A sostenerlo è il Centro studi enti locali (Csel) in un dossier realizzato per l’Adnkronos. Basti pensare che alla sola Lombardia è costato circa 23 milioni di euro il primissimo esperimento di voto elettronico tenutosi nel Paese. L’occasione fu il referendum regionale sul cosiddetto regionalismo differenziato svoltosi in Veneto e Lombardia il 22 ottobre 2017. Per gli 8 milioni di elettori lombardi furono predisposte nelle cabine, al posto delle tradizionali schede cartacee, le cosiddette ‘voting machine’, dispositivi simili ai tablet con uno schermo touch screen sul quale si leggeva il testo integrale del quesito referendario e le tre opzioni possibili: sì, no, scheda bianca.

Non si trattò, dunque, di voto a distanza, ma di voto elettronico con successivo scrutinio digitale.

La cifra spesa dalla Regione in quell’occasione copriva, oltre a questi dispositivi, il costo di software, sistemi di sicurezza, servizi di assistenza tecnica e formazione del personale. Recentemente c’è stato un secondo esperimento, in occasione dell’elezione dei Comitati degli italiani all’estero, tenutasi lo scorso 3 dicembre.
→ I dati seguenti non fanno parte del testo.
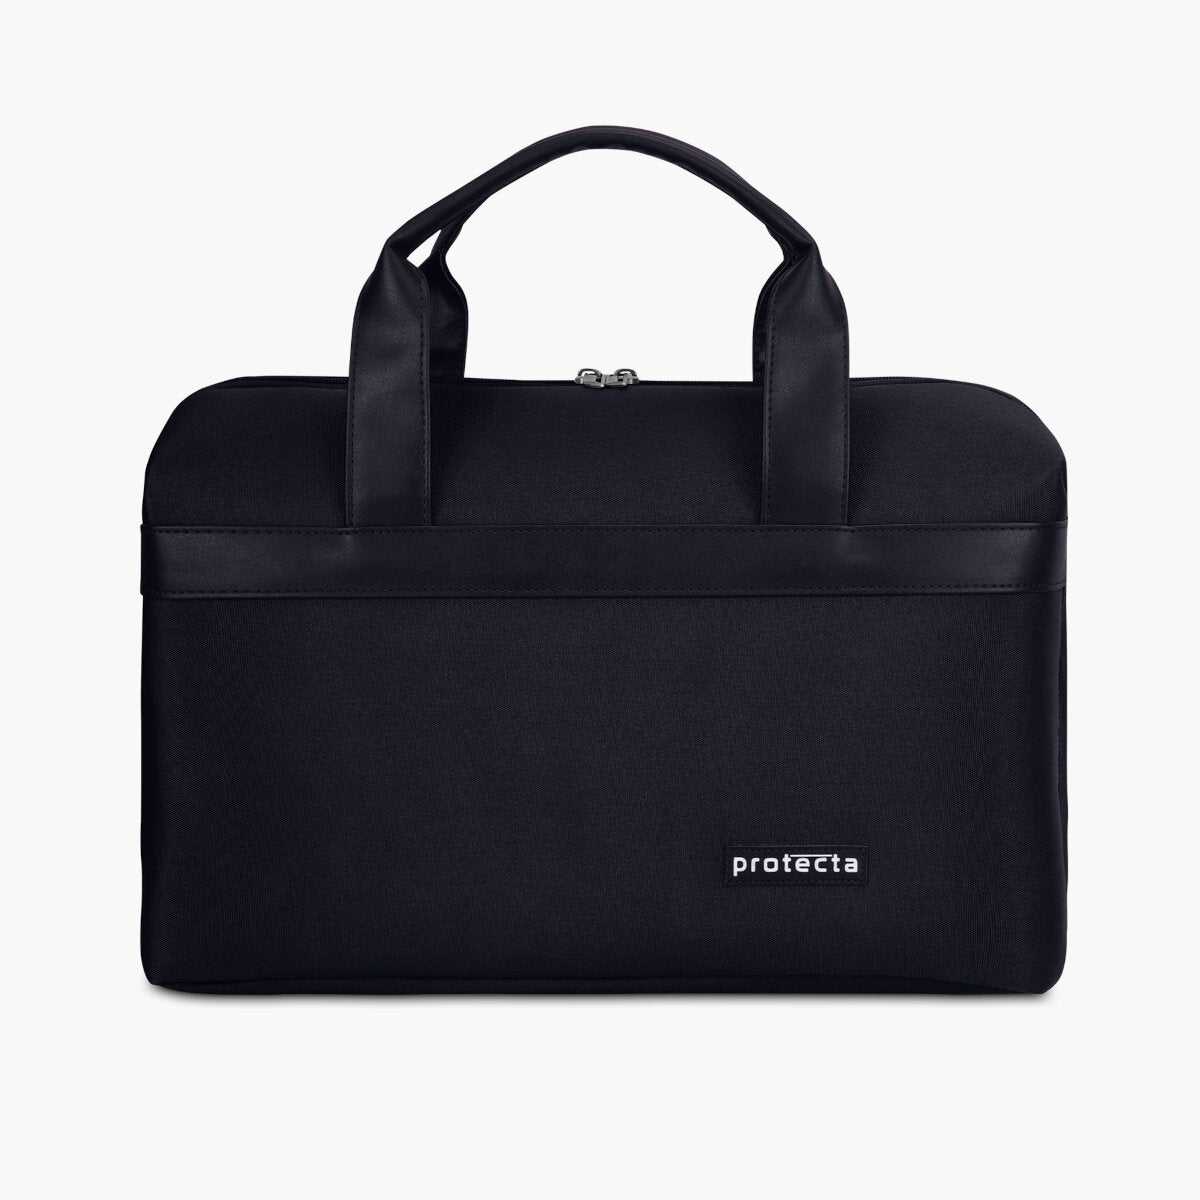 Black | Protecta Early Lead Anti-Theft Office Laptop Bag - Main
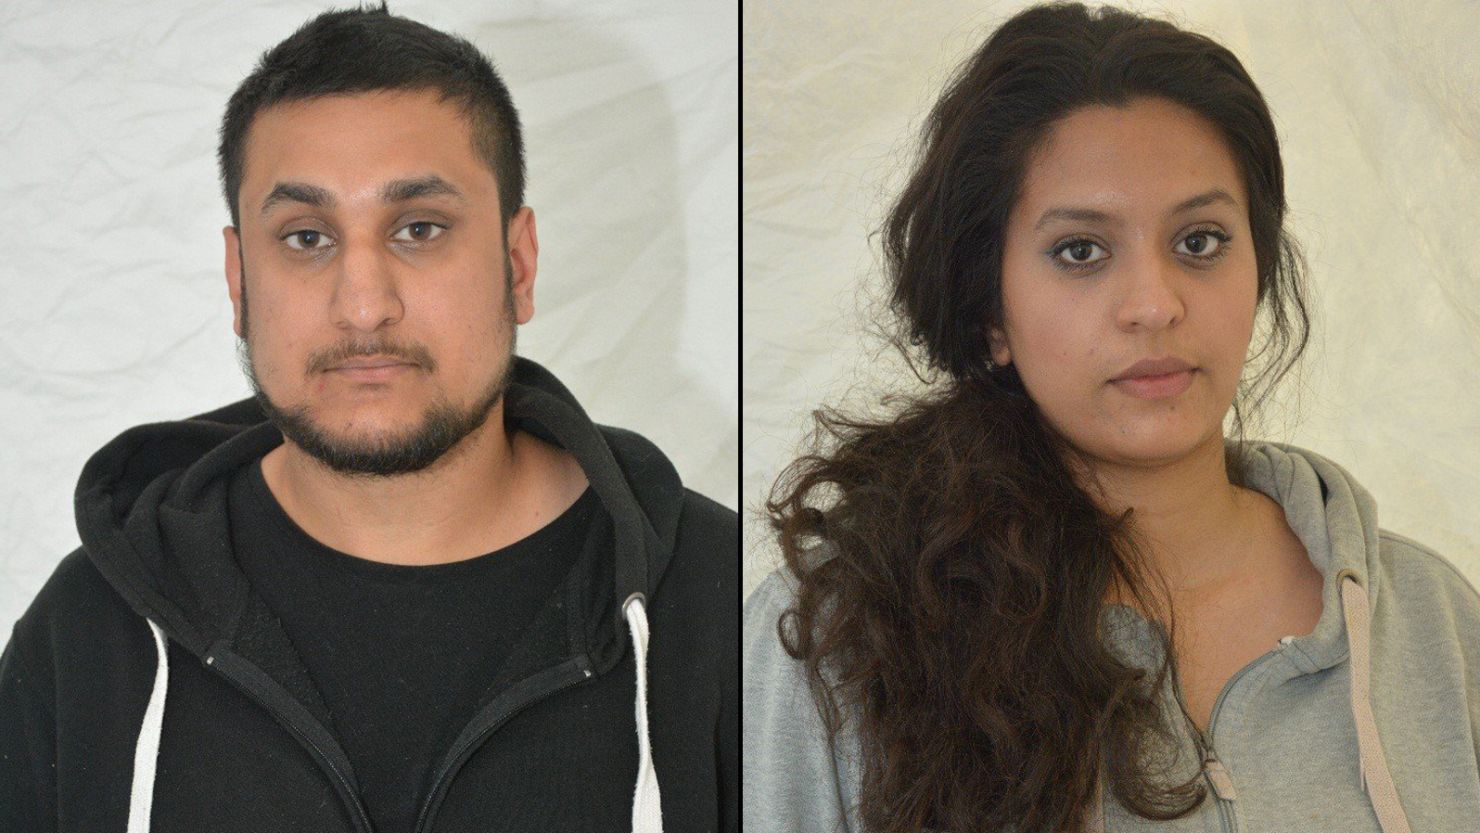 Mohammed Rehman, left, and Sana Ahmed Khan were convicted in a British court Tuesday.

Migliaia di elettori, residenti in nove sedi diplomatico-consolari, iscritti nell’elenco degli elettori per le elezioni dei Comites hanno avuto la possibilità di esprimere il loro voto anche in modalità digitale. Fino al 3 dicembre, si sono potuti collegare al Portale IOvoto per votare con lo Spid di II livello. Gli elettori hanno votato anche in modalità cartacea, in quanto solo quel voto era valido ai fini dello scrutinio. Su 8265 utenti maggiorenni, residenti nelle sedi coinvolte nella sperimentazione, registrati su Fast It e dotati di Spid, hanno optato 1236 potenziali elettori, ovvero il 15%.

“Sugli stessi utenti totali – riferisce Csel riportando un documento diffuso sul sito della Camera – i 672 votanti digitali rappresentano l’8,1%. Il rapporto optanti digitali (1.236) / potenziali elettori digitali (8.265), pari a 15%, e il rapporto votanti digitali (672) / potenziali elettori digitali (8.265), pari all’8,1%, risulta quindi più elevato se comparato con il rapporto optanti/elettori, pari a 3,9%, e votanti/elettori, pari a 2,9%, riscontrato nel voto cartaceo”. “Si conferma pertanto una maggiore propensione a votare digitalmente, rispetto proprio al voto cartaceo, per gli elettori registrati su Fast It e in possesso di Spid”, conclude.